## Exercise directions
Lines from the one containing "Photo of 1129 N OMAHA --, Mesa, AZ 85205" through the last line of the data are to be returned exactly, both ends included, minus any pictures.

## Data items

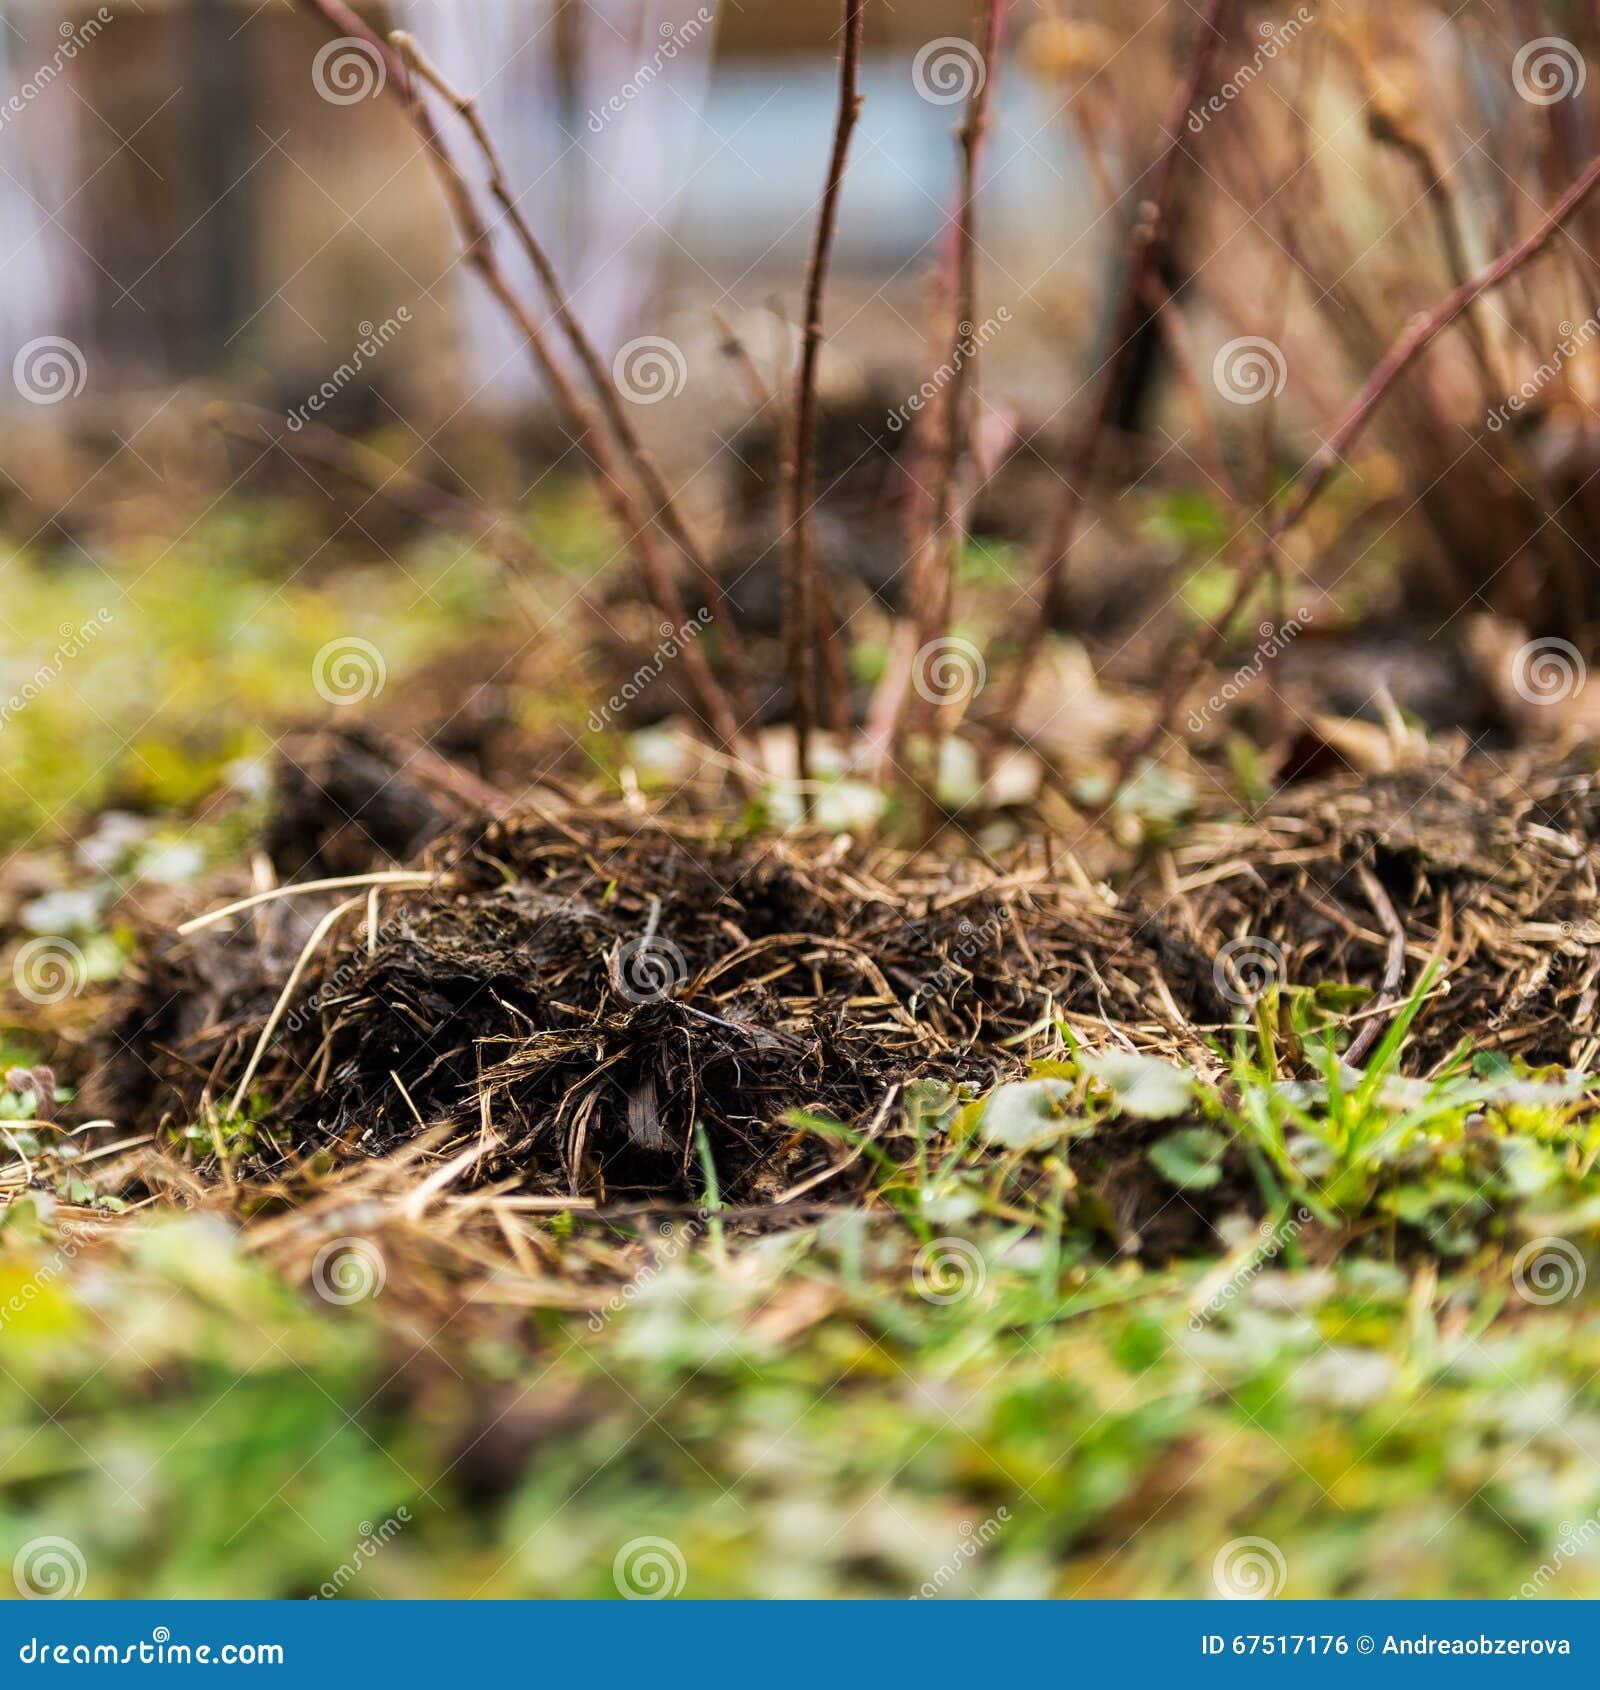 Fertilizing Manure Around Blackberries Plants Stock Photo - Image of ...
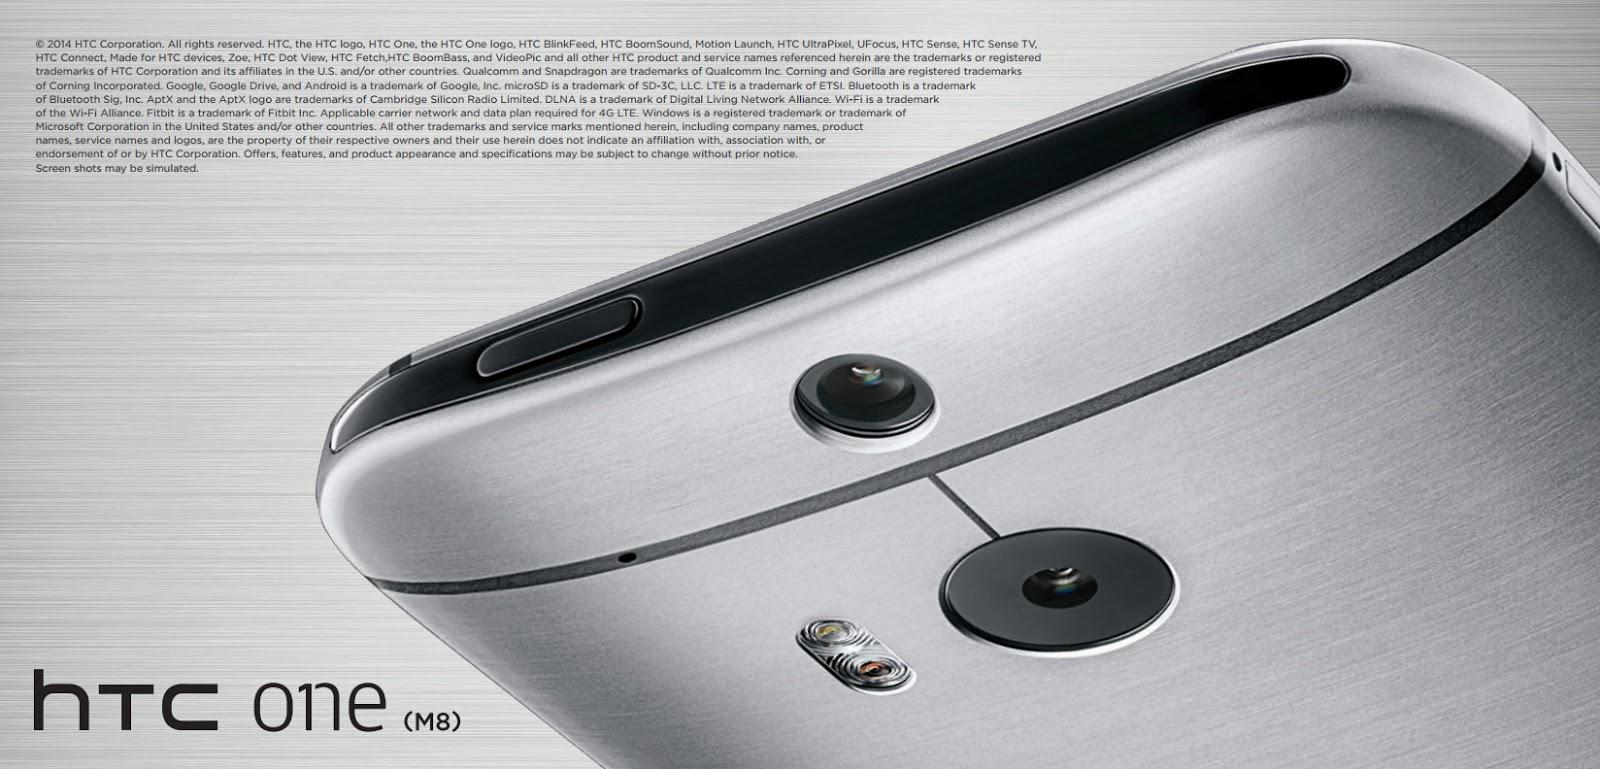 HTC One M8 malaysia
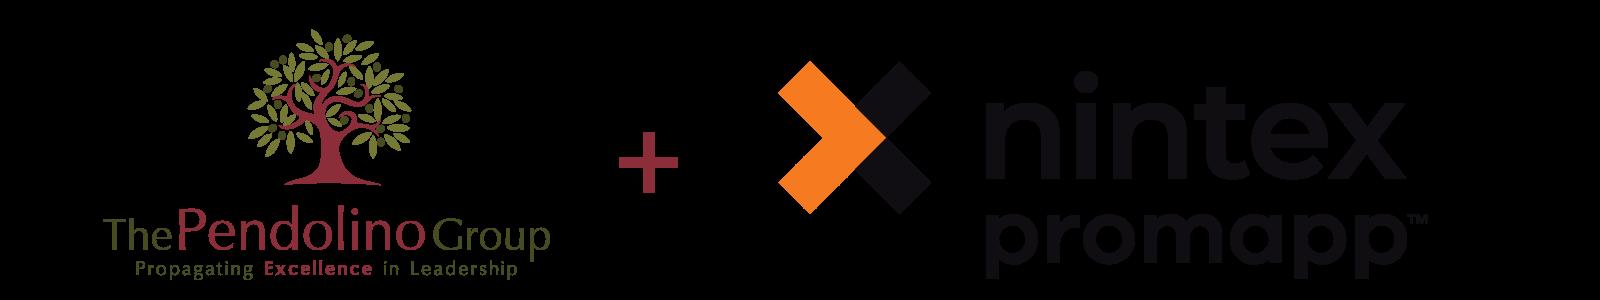 Pendolino Group and Nintex Promapp
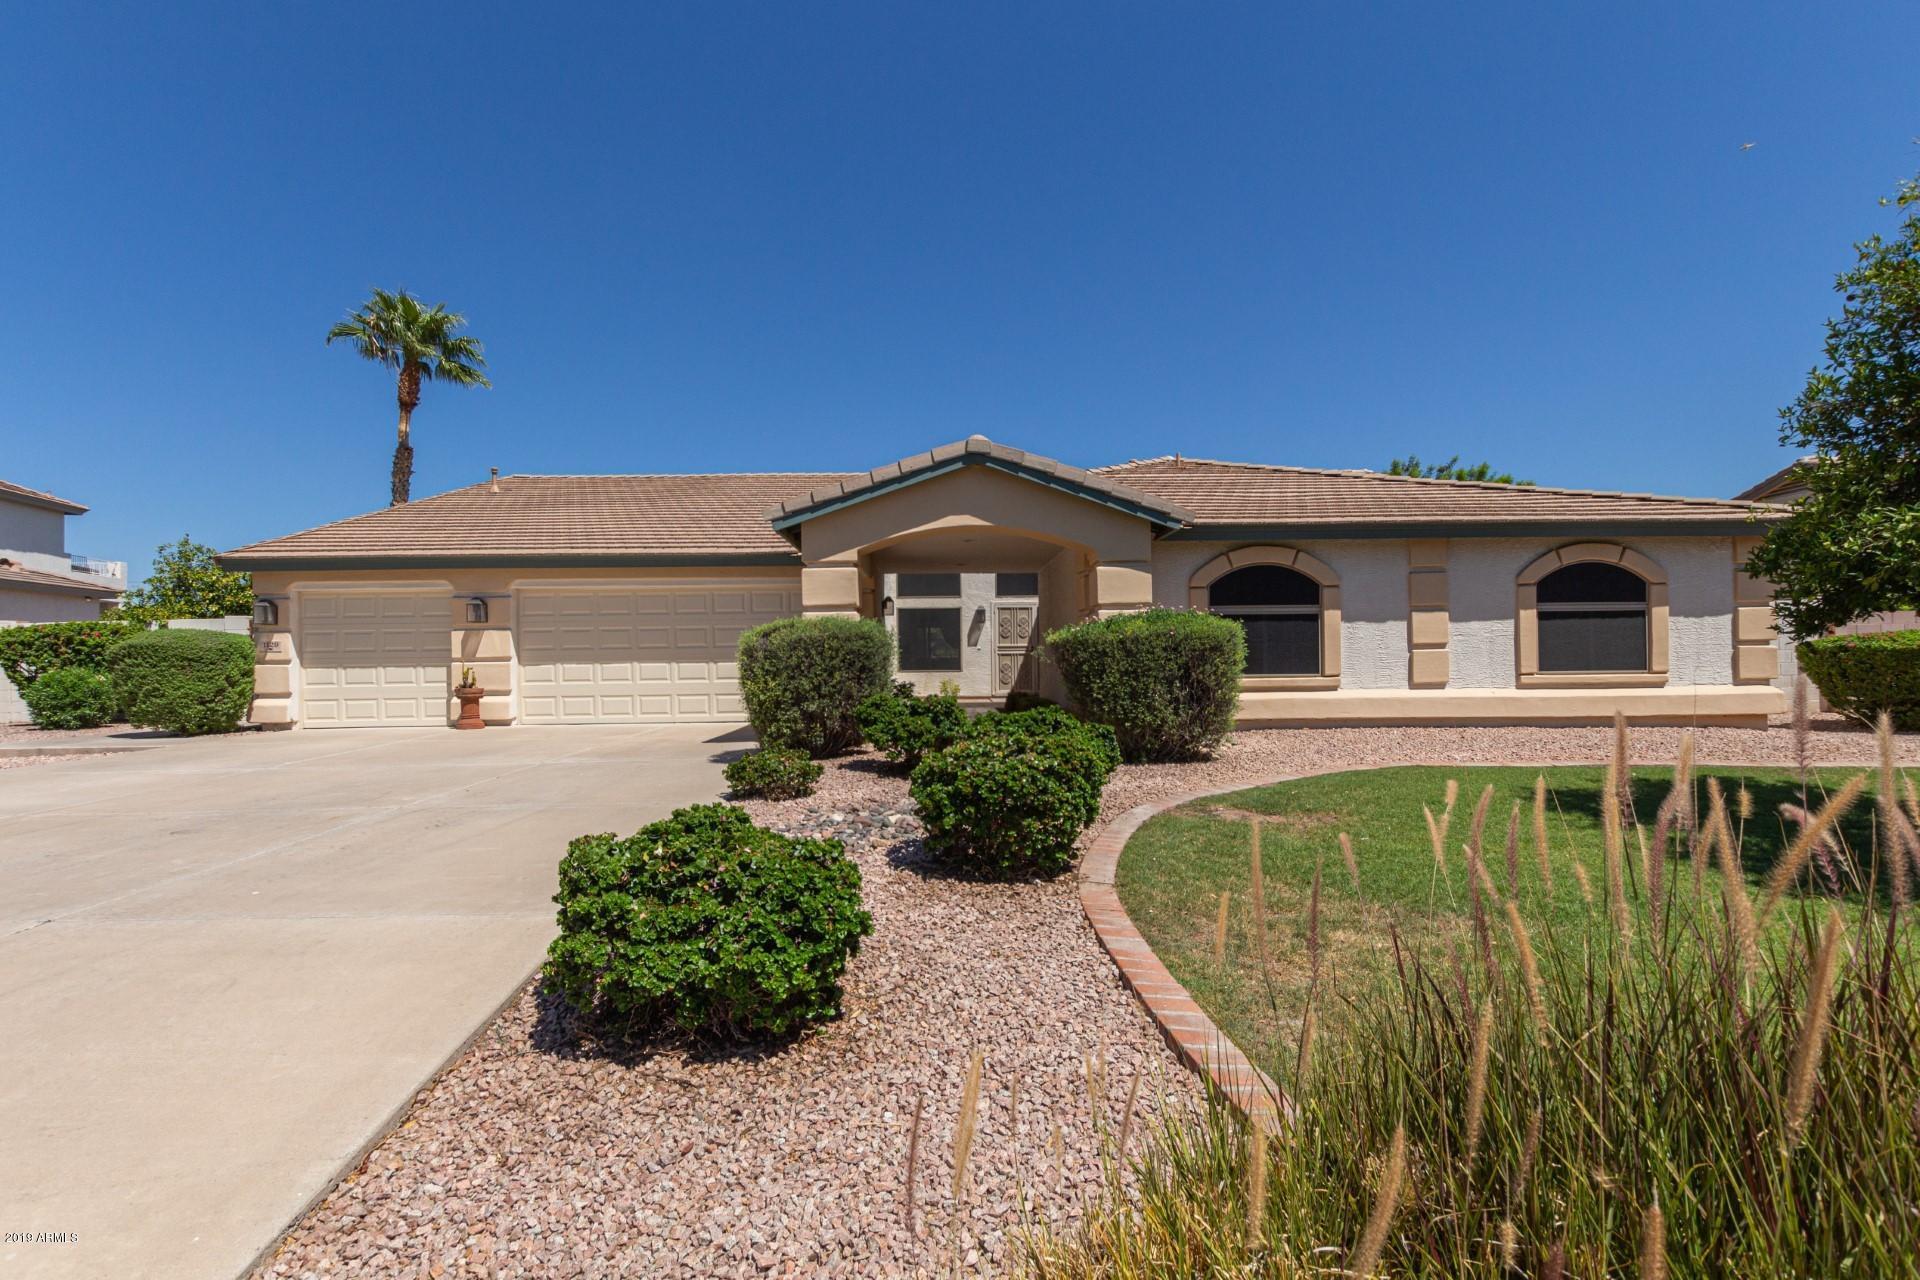 Photo of 1129 N OMAHA --, Mesa, AZ 85205
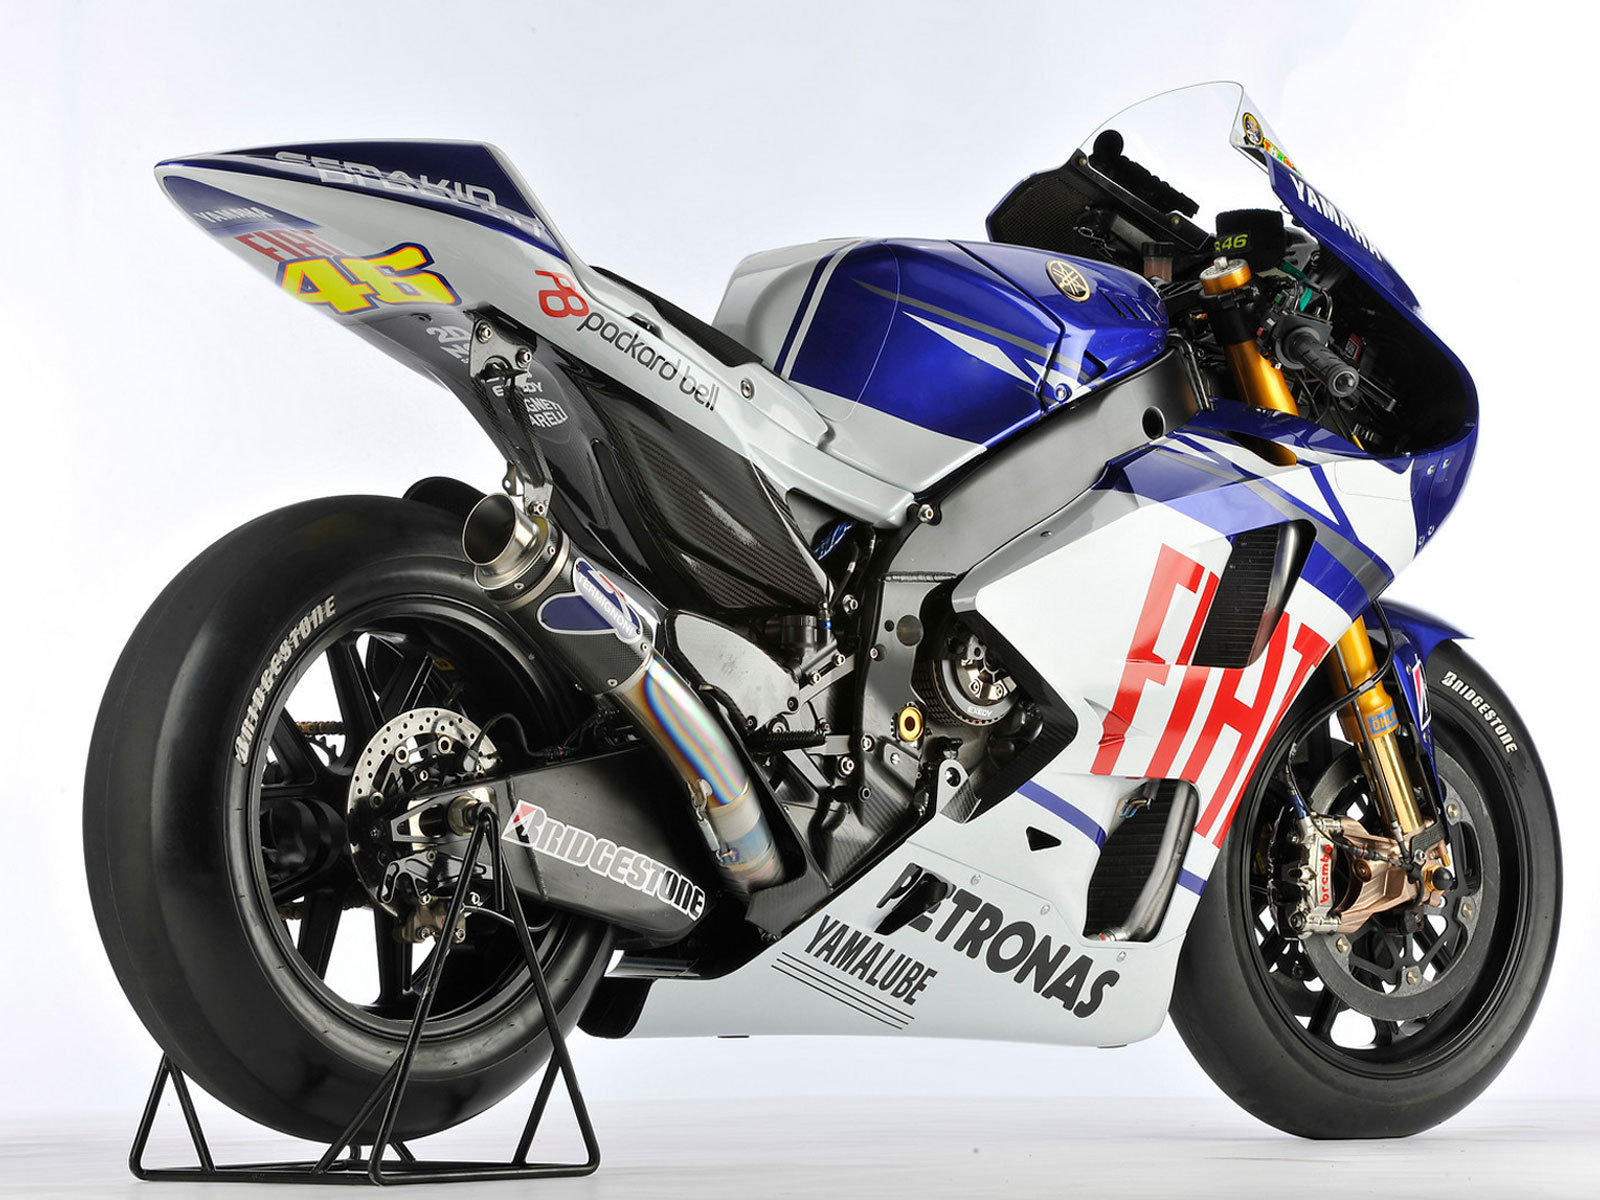 http://3.bp.blogspot.com/-KLJUNIz8qp0/Tl4rI_2U3bI/AAAAAAAAABk/uLXDG9a0nHE/s1600/bike-yzr-m1-motogp-wallpaper-.jpg

## Answer section
 Photo of 1129 N OMAHA --, Mesa, AZ 85205
 http://3.bp.blogspot.com/-KLJUNIz8qp0/Tl4rI_2U3bI/AAAAAAAAABk/uLXDG9a0nHE/s1600/bike-yzr-m1-motogp-wallpaper-.jpg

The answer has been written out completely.